Renewable Isobutanol: It’s Time for a Truce

May 18, 2015 |

ButanolBy James Evangelow & Sam Nejame, Special to the Digest

If an advertising professional were writing the copy, renewable isobutanol would be called “The new and improved ethanol”. It overcomes essentially all the major deficiencies of ethanol as a fuel and can be produced in an ethanol plant. However, relentless litigation, waning interest in biofuels in general and meager investment are killing it.

Why isobutanol’s superior physical properties matter.

One of ethanol’s greatest drawbacks as a fuel is its high volatility. The nation’s base gasoline supply changed with the introduction of ethanol oxygenate. Inexpensive light ends were removed to produce the costlier Reformulated Blendstock for Oxygenate Blending (RBOB) to compensate for ethanol’s high volatility in the finished blend. Butanol, on the other hand, has very low volatility, allowing blending without the need for RBOB and freeing the refiner to obtain higher margins for heavier cuts.

In addition, the molecule has nearly 20 percent higher energy density than ethanol. In fact it is sufficiently close to gasoline that it can be used at any blend ratio, even at 100 percent, obviating the need for Flex Fuel Vehicles. Testing this theory, physicist David Ramey, drove from Blacklick, Ohio to San Diego, California using 100 percent butanol in an unmodified 1992 Buick Park Avenue. The vehicle completed the trip without incident and achieved a 14 percent INCREASE in fuel mileage compared to 87 octane gasoline.

Butanol blends present other economic advantages to refiners and consumers.

California has the most stringent air emission standards in the country. As a result, California spec gasoline is specially formulated and not available outside the region. In 2012, a perfect storm of pipeline issues, refinery outages and potential market manipulation spiked gasoline prices in California to close to $5 per gallon for an unprecedented period of time. Had biobutanol been readily available for blending in neighboring states and piped to the California market this problem could have been averted.

Transportation and storage of butanol also has important advantages over ethanol.

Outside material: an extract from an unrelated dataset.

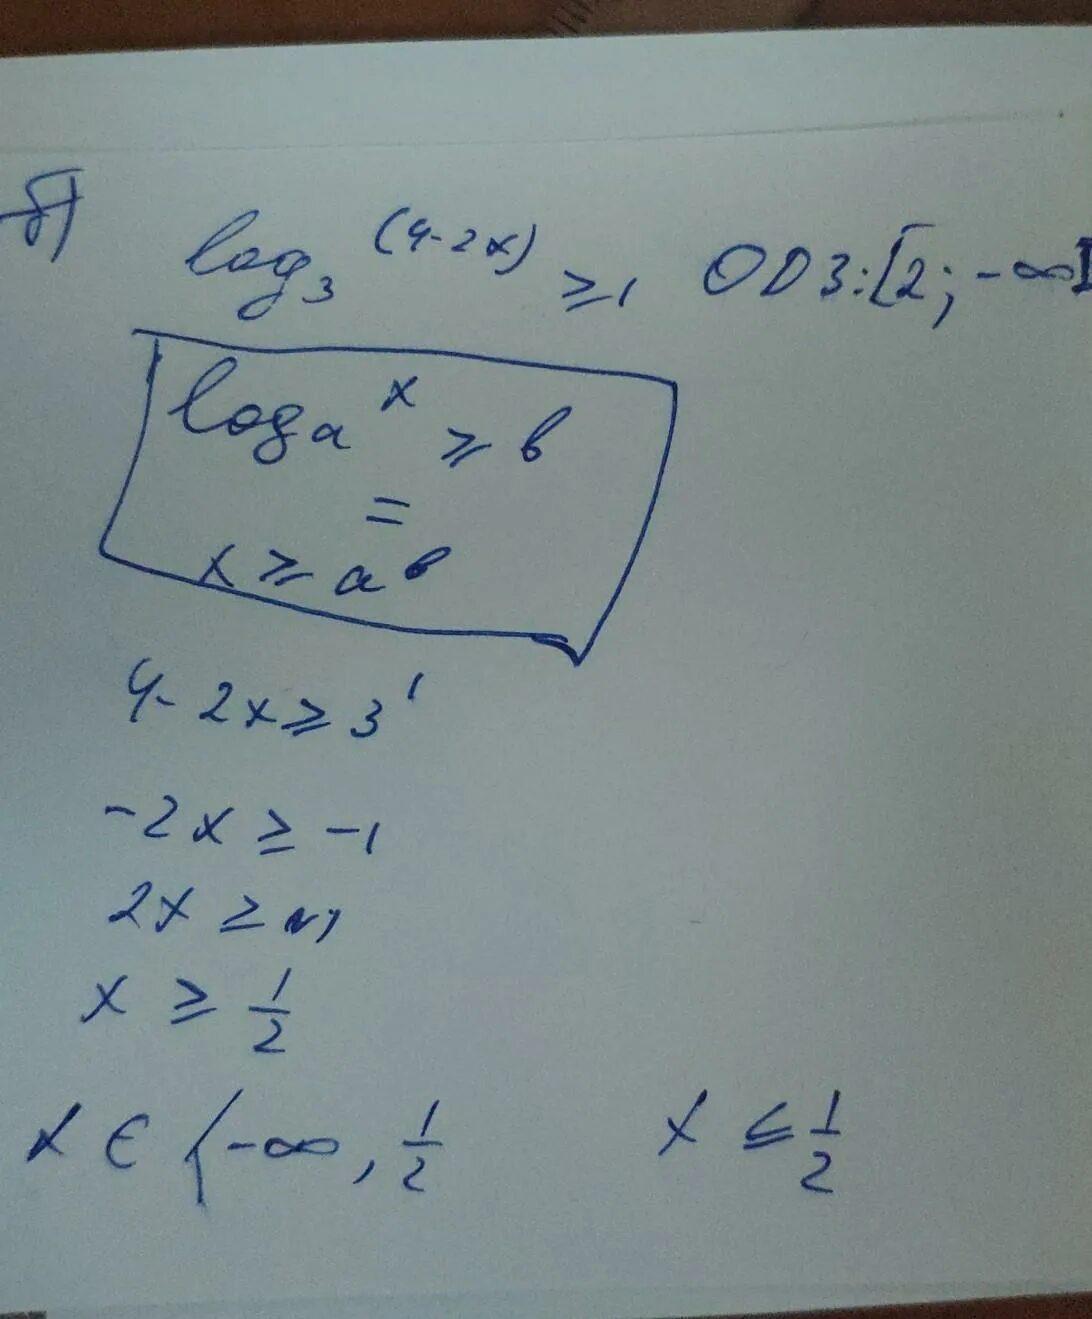 Log 2 x больше 3. Log2 x больше или равен -2. Log2 x больше или равно 1. Log2(x²-2x)больше или равно 3. Log1 3 x-1 больше или равно log1/3.

Ethanol is extremely hygroscopic, making it corrosive to steel. For that reason, it cannot be transported by pipeline. Butanol’s much lower affinity for water make pipe distribution and refinery blending viable creating more favorable “cost in use”. Lower pipeline transportation cost plus the ability to tailor butanol blends at the refinery offset some of butanol’s higher price. Further, butanol has been approved for blending into marine gasoline, where ethanol is banned, reducing emissions of criteria pollutants on our waterways.

Butanol adoption would vault us over “the blend wall” and create benefits for farmers.

Because butanol has lower oxygen content than ethanol, EPA allows up to 16 percent butanol gasoline blends, compared to 10 percent for ethanol. If butanol were to completely replace ethanol in gasoline blends, national alcohol volume requirements would increase by 60 percent. Couple that with a 20 percent reduction in the nameplate capacity for retrofitted ethanol plants producing C4 instead of a C2 alcohol, and the blend wall would disappear without reducing the demand for corn. In fact, additional capacity would be needed along with feedstock supply. It’s important to note that the US now produces many billions of gallons more ethanol than when the food v. fuel debacle raged in 2008 and corn prices have dropped precipitously. Why? Because corn prices are pegged to the price of oil.

So why hasn’t biobutanol taken off and replaced ethanol?

Followers of renewable fuels well know the two major players developing isobutanol technology: Butamax, the DuPont/BP joint venture and Gevo. Not so very long ago things looked promising on all fronts as Gevo raised an impressive war chest, built innumerable strategic relationships and signed large off-take agreements. Meanwhile, Butamax created an Early Adopter Group with close to a billion gallons of installed capacity itching for retrofit. Both companies toured the corn belt, made friends and raised expectations.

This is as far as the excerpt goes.